The storage and transmission functions of the written word were enormously enhanced by the invention of moveable type which permitted the printing of books. However, the use of a printing press meant that the author no longer had possession of the single manuscript which could be read or laboriously hand copied by others. There developed a need to protect the copying (or printing) right. Thus, the generic term became the label for a newly emerging body of rights— "copyrights".

The mass distribution of books which later resulted, created the first real difficulties for an author in attempting to achieve recognition as the author of a work and in his ability to control and preserve the contents from distortions and further, his ability to achieve economic reward to the extent available in those days to authorship.

The British Parliament responded with the world's first copyright statute, known as the Statute of Anne (8 Anne c. 19 1710). This statute is the base upon which all subsequent legislation with respect to copyright, both here and abroad, have been enacted.
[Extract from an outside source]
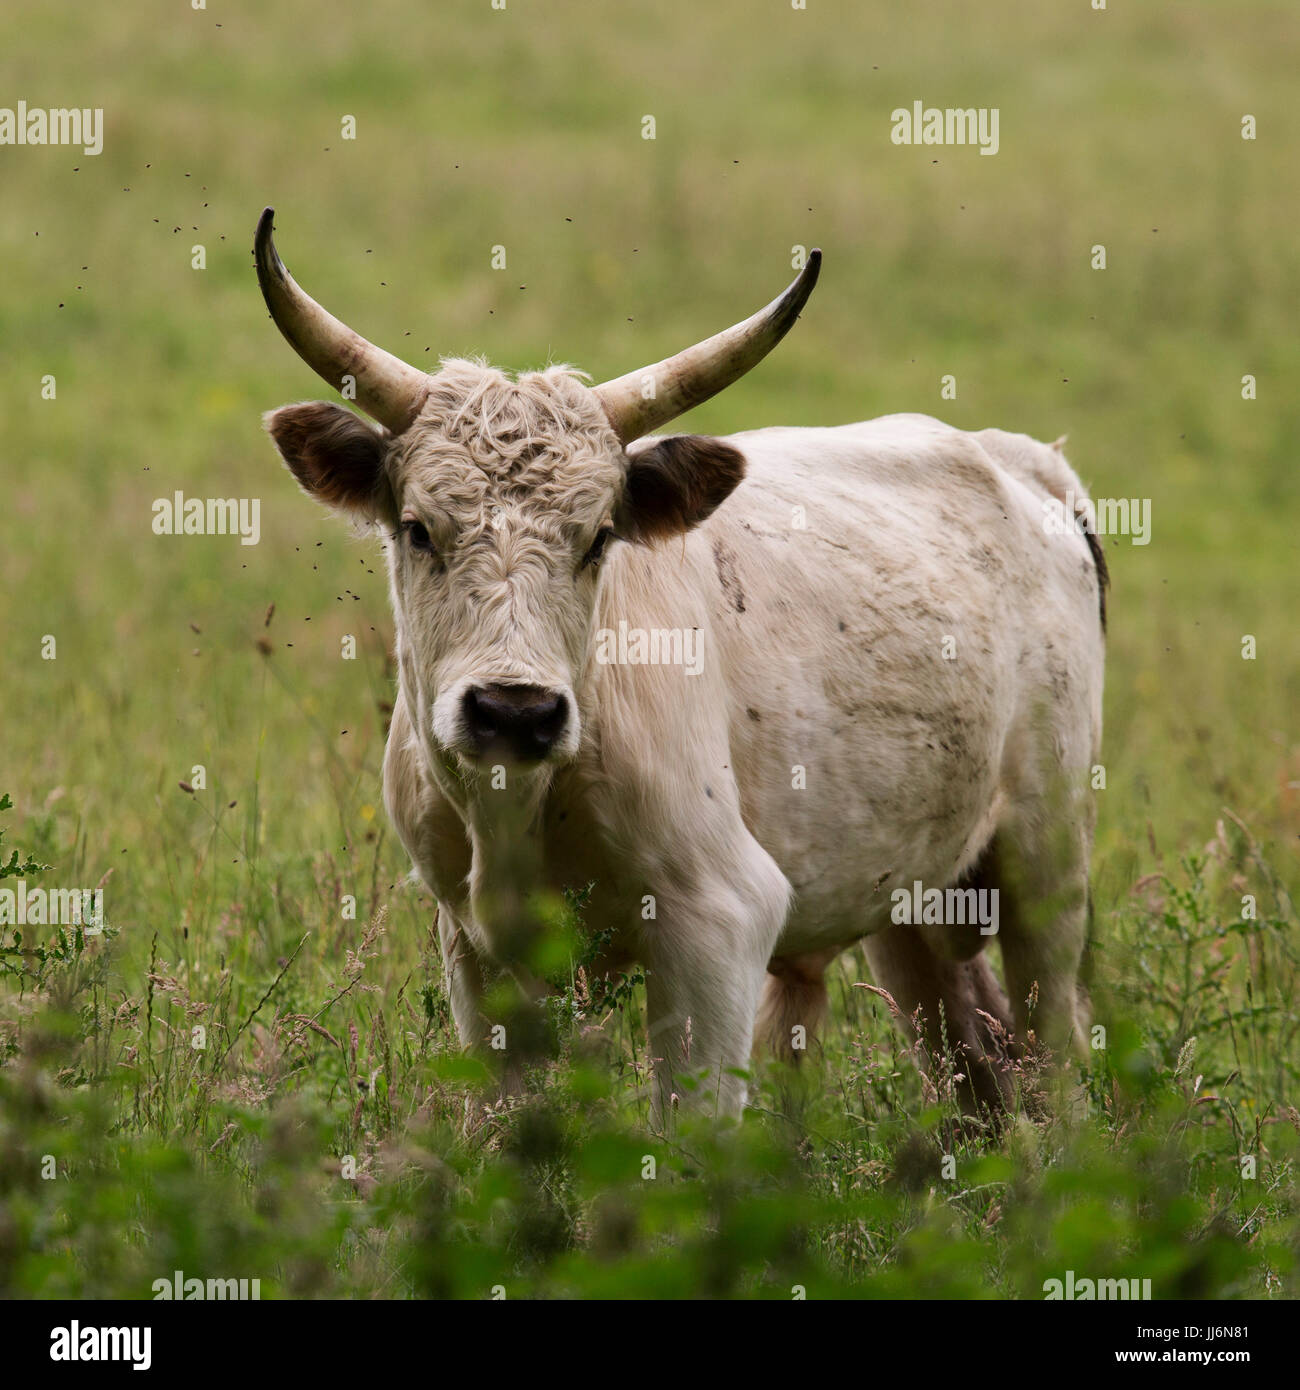 Uno dei capi di bestiame selvatico a Chillingham, circondato da mosche, in Northumberland, Inghilterra. Foto Stock

It may be safely assumed that the colonial lawyers participating in the Continental Congress were familiar with English law, including the law of copyright. There is evidence that at least one lawyer of the time, Noah Webster, was actively concerned in the authors' problems and with attempts to attein legislative solutions to them.

Exercising the power granted by article I, section 8 of the Federal Constitution, the First Congress enacted the first Federal copyright statute in 1790.

"Books" as such, were not defined in the act, and coverage of the act was potentially limited only by the constitutional term "writings." Of course, a literal interpretation of "writings" would have excluded maps and charts from protection. There is no material available concerning the drafting of the bill or debate in Congress, but it would seem clear from the inclusion of maps and charts in the scope of protection that even at the birth of Federal copyright legislation in the United States it was found necessary to forcibly expand the meaning of language in a manner that would reflect the practical realities of the need for protection and the technology of that time.

Although there were innovations and improvements in the printing processes, the first significant technological breakthrough in the methods of storing and distributing information since the innovation of the printing press was the development of computerized information networks.

The information explosion and its related and yet independent phenomenon, the rapid obsolescence of information, which followed World War II, stimulated the development of computers to afford more efficient access to the intellectual gross product of our society. To the extent that computerized information storage and retrieval systems are merely more efficient performers of the same functions as clay tablets and books, that is, they fulfill the function of storage and transmission of information through time and space, the problems of protecting authors' right and incentives and at the same time affording rapid access to copyrighted material to computers instead of printing presses are, we submit, less foreboding and much less revolutionary than a technical dissertation on electronic equipment would lead one to believe.

The new science of documentation has already produced a highly technical vocabulary, but the meanings of the words are fairly clear. The steps in the process of computerized information handling are as follows-I refer now to what we call input, the various techniques whereby material, text material, written word, is translated or transformed from verbal symbols of the English language into machine readable form. In other words, the computers are not able at this juncture yet to read, to scan a page at least, it is not economically feasible at this juncture. They do not read the words of the English language. They are transformed by an electric typewriter that translates these verbal symbols, these words of the English language, shall we say, into symbols and signs that the electronic equipment can appropriately store.